The diabetes market is undergoing a huge transformation as payors shift to outcomes, competition heats up, and new tools become available that may help differentiate the real-world impact of largely similar drugs. “Companies are going to struggle with a delicate balancing act between maintaining market share, protecting margins, and fighting off generics,” sums up Kliff. In this scenario, scale and portfolio breadth look like a good bet, if only to keep options open as the market evolves. Services and device-drug packages may prove a winning strategy, but the jury’s definitely still out. (Many still question whether pharmaceutical firms are the right players to compete in healthcare delivery and consumer-facing services – and indeed in devices.)

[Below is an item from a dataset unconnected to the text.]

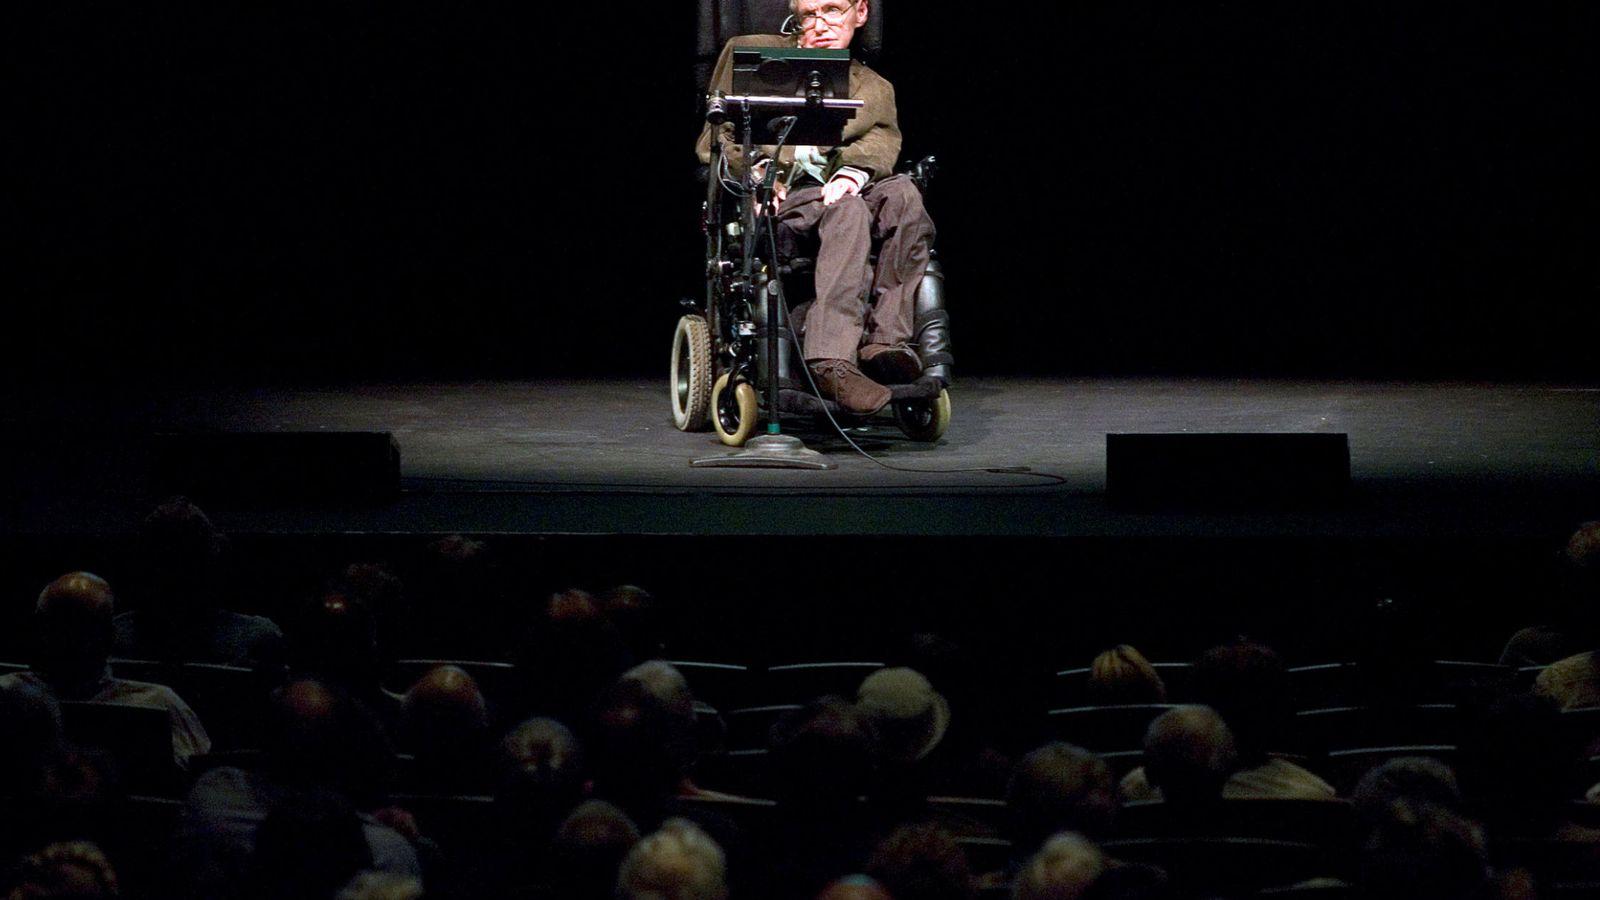 Foto: El profesor, durante una charla en Berkeley en 2007. (Reuters/Kimberly White)

The quest for portfolio breadth will also drive more dealmaking. Several companies, including Merck and GlaxoSmithKline PLC, for instance, have a handful of diabetes products but lack scale and scope. (GSK’s Tanzeum (albiglutide), another GLP-1 agonist, was approved at FDA in April 2014.) “A lot of companies will be watching what Lilly is doing, and asking, 'What do we have to do to stay relevant?'" says Kliff. Whereas some may seek to broaden their offerings, others may decide there’s less risky money to be made by exiting the space entirely. Carve-out deals or portfolio swaps such as those seen between Novartis and GSK in consumer, vaccines, and oncology earlier this year are two possibilities. [See Deal] [See Deal] “I think over the next 18 months we’ll see some major deals,” concludes Kliff.